From the book’s official website:

This book provides an introduction to statistical learning methods. It is aimed for upper level undergraduate students, masters students and Ph.D. students in the non-mathematical sciences. The book also contains a number of R labs with detailed explanations on how to implement the various methods in real life settings, and should be a valuable resource for a practicing data scientist.

Resources used in making this book

Custom functions used throughout the book

In order to make some of the tables and plots, I wrote some custom functions. They are contained in the file visualization_functions.R, but here is a description of each function and why it is used.

theme_islr()

This is a plot theming function to mimic the figure style found in the book.

theme_islr = function(){ 
  
  theme_bw(base_size = 14, base_family = "Roboto") %+replace%    #replace elements we want to change
    
    theme(
      
      #grid elements
      panel.grid.major = element_blank(),    #strip major gridlines
      panel.grid.minor = element_blank(),    #strip minor gridlines
      
      #text elements
      plot.title = element_text(             #title
        face = 'bold',            #bold typeface
        hjust = 0,                #left align
        vjust = 2),               #raise slightly
      
      plot.caption = element_text(           #caption
        hjust = 1),               #right align
      
      
      axis.text.x = element_text(            #margin for axis text
        margin=margin(5, b = 10))
      
      #since the legend often requires manual tweaking 
      #based on plot content, don't define it here
    )
}

prep_reg_table()

This function takes the output from an lm() object and formats it for regression tables.
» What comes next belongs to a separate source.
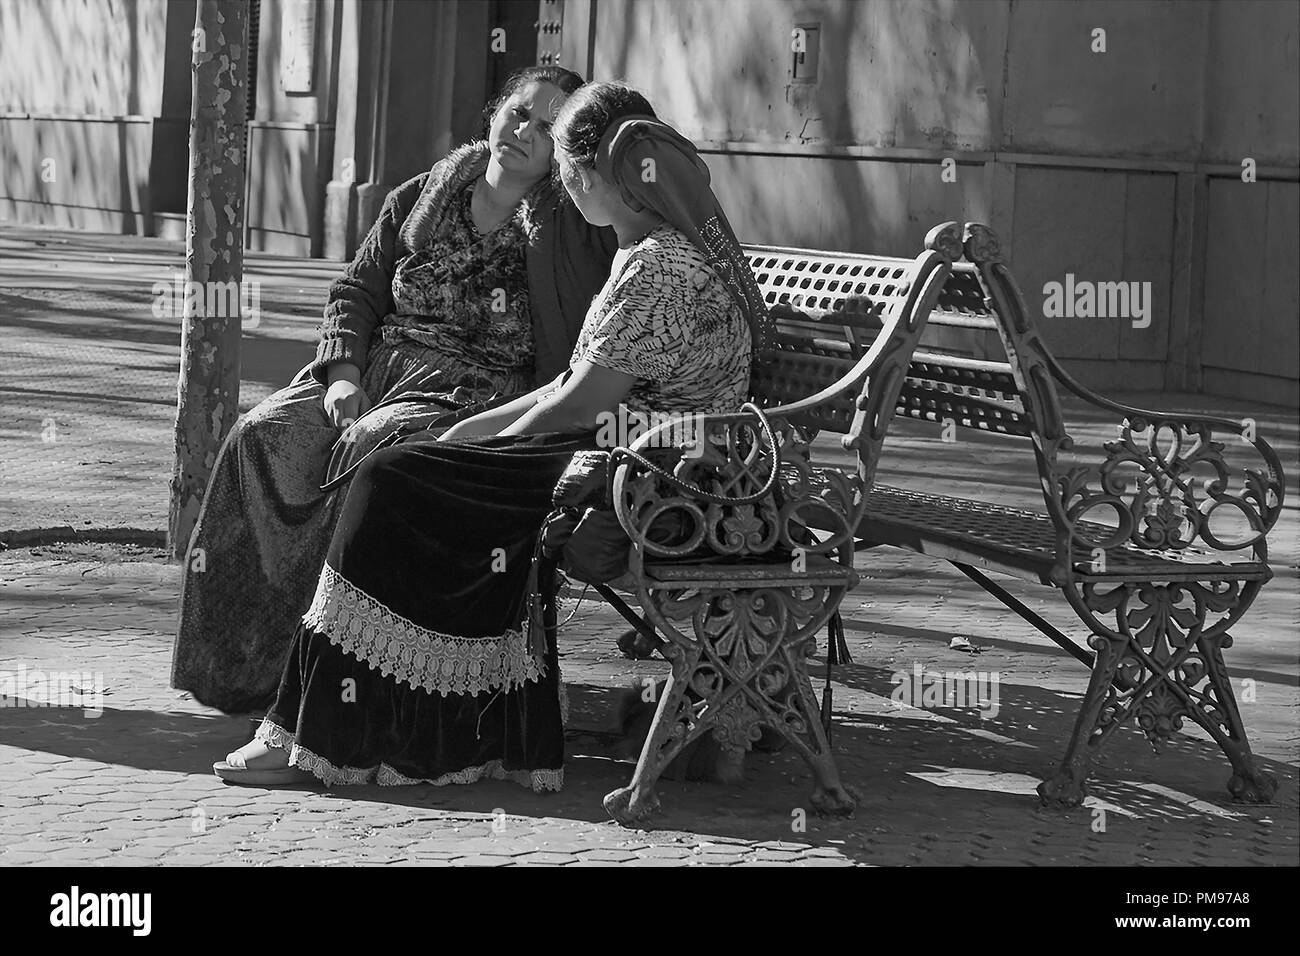 Women chat on a bench in Calle San Pablo, Sevilla, Andalusia, Spain: black and white version Stock Photo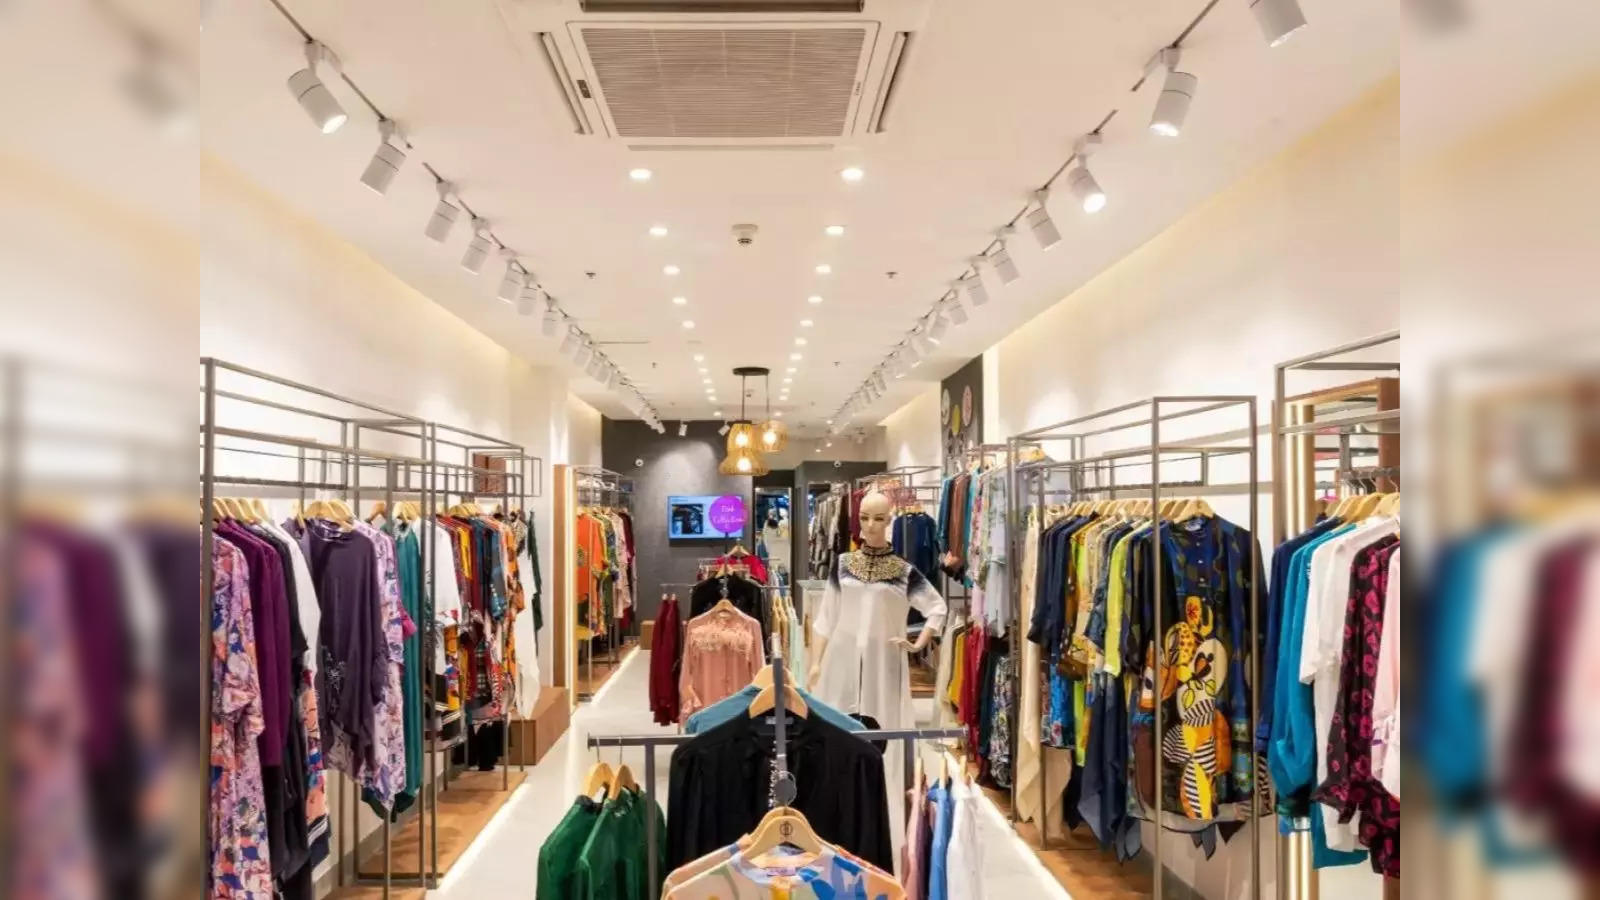 Top global apparel brands and retailers doubled sales in India

prep_reg_table = function(reg_model){
  # Select the coefficients object from the summary of the regression model
  summary(reg_model)$coefficients %>% 
    # Convert it to a tibble, and make the rownames a column
    as_tibble(rownames = "term") %>% 
    # Rename the columns to match ISLR's tables
    rename(Coefficient = Estimate, 
           `t-statistic` = `t value`, 
           pval = `Pr(>|t|)`) %>% 
    
    mutate(
      # Replace the shorthand formulas given to lm() with regression publishing style
      term = str_replace_all(term, c("\\:" = " X ", # Interaction terms
                                     "I(?=\\()|[\\(\\)]" = "")), # Identity function
      # Create a p-value column which shows a less than sign in cases of very small p-values
      `p-value` = case_when(pval < .0001 ~ "<0.0001",
                            T ~ str_c(round(pval, 4)))) %>%
    select(-pval)
}